So. Nick Hornby. Everyone's agreed about him: the Bloke author, a sort of North London literary Vivaldi: sleek, well-achieved books for men who sort of don't really like book stuff. You know: book stuff. But they'll be all right with Hornby. Cropped name, cropped hair, denim shirt, football, pop, the great apologist of male emotional inarticulacy. Sort of stuff.
Except About a Boy is not just about inarticulacy; it's about utter purposelessness, too. The narrator is called Will Freeman, but we shouldn't read too much into that; there was some gossip to the effect that he was originally going to be called something else, except there turned out to be a real Mr Something Else who kicked up a stink.

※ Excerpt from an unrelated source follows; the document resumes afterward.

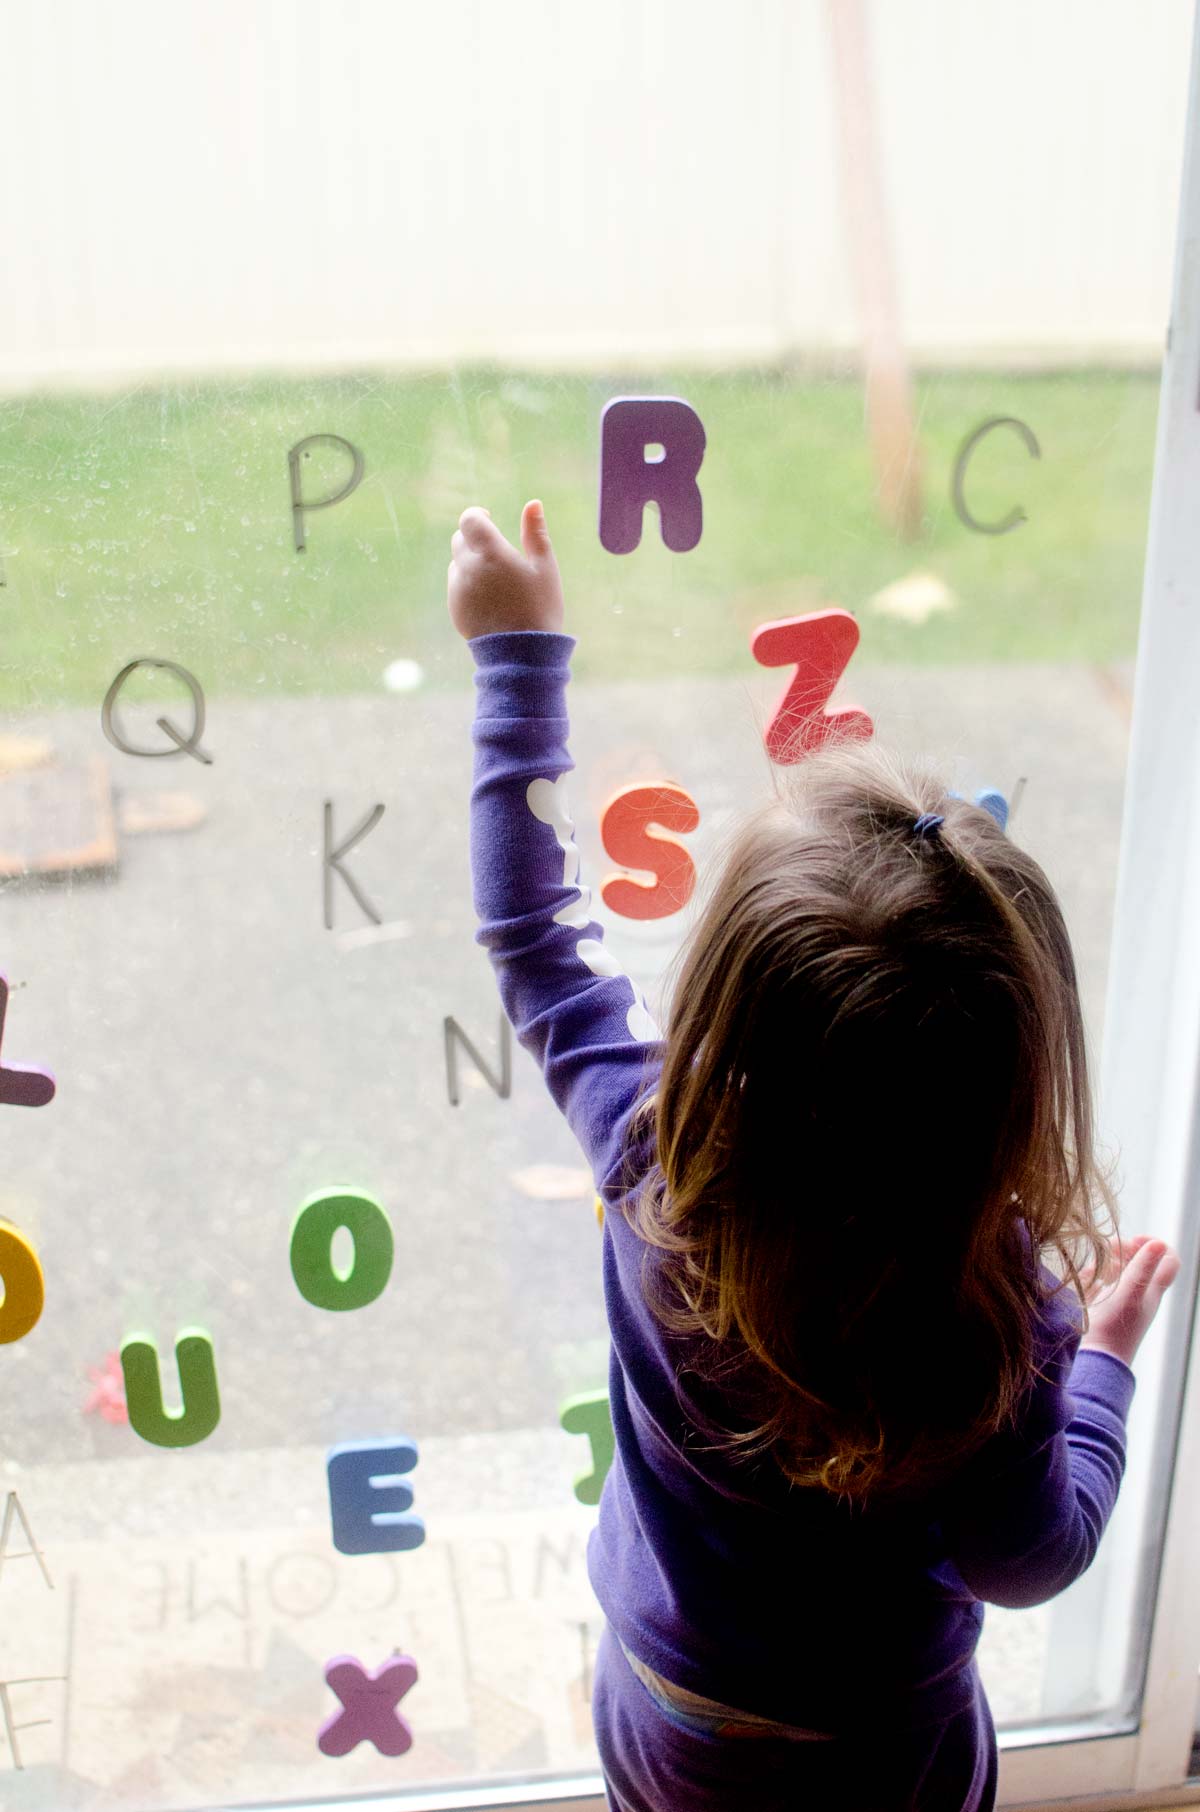 A child reaches for a purple letter R stuck to a window. There are dry erase marker letters on the glass and other foam letters stuck to it.
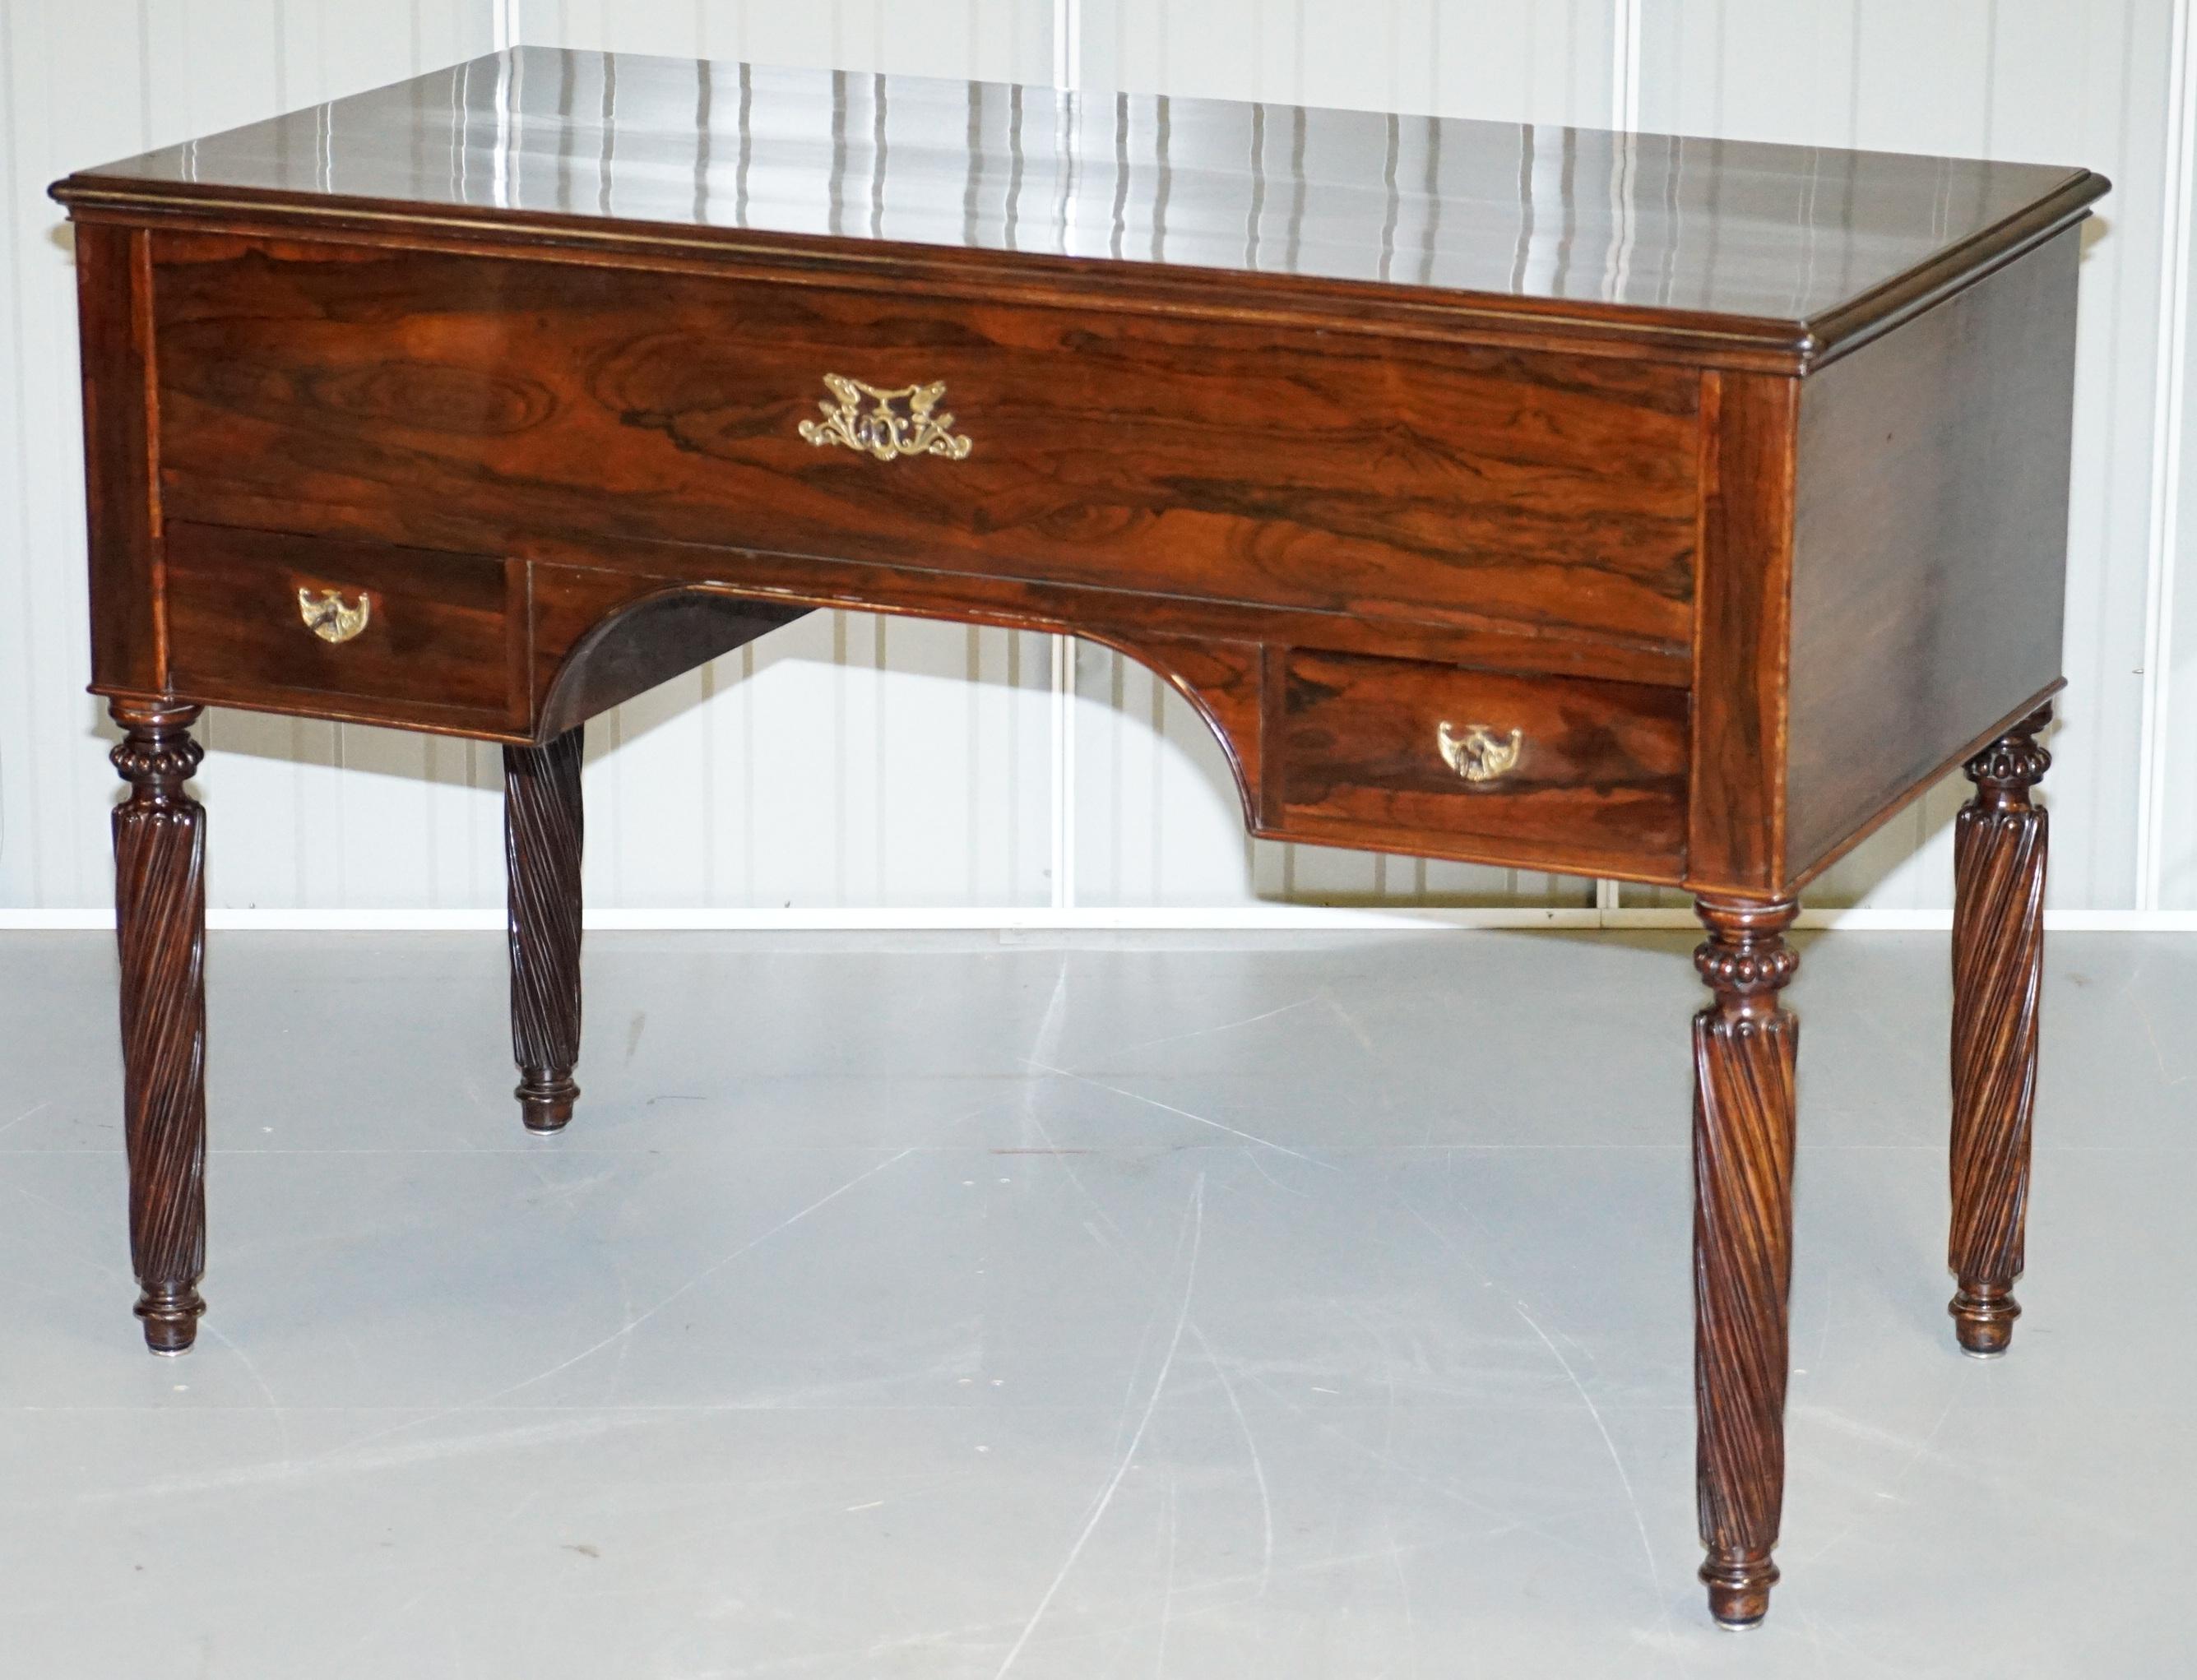 Hand-Crafted Very Rare Solid Rarewood French Louis Phillipe 19th Century Campaign Desk Bureau

He didn't, curiously enough, want to be in a Nick Hornby book, but you can't blame him because Will Freeman is an arse. Lives in a minimalist flat in Islington: kitchen gadgets, CDs, film posters, but no scary books, no scary feelings. No job, either. Doesn't need one, living as he does off the royalties from the Christmas novelty song his father wrote. He's cool. Sub-zero cool, according to a men's magazine quiz. "When he got home he put a Pet Shop Boys CD on and watched Prisoner: Cell Block H with the sound down. He wanted to hear people who didn't mean it, and he wanted to watch people he could laugh at."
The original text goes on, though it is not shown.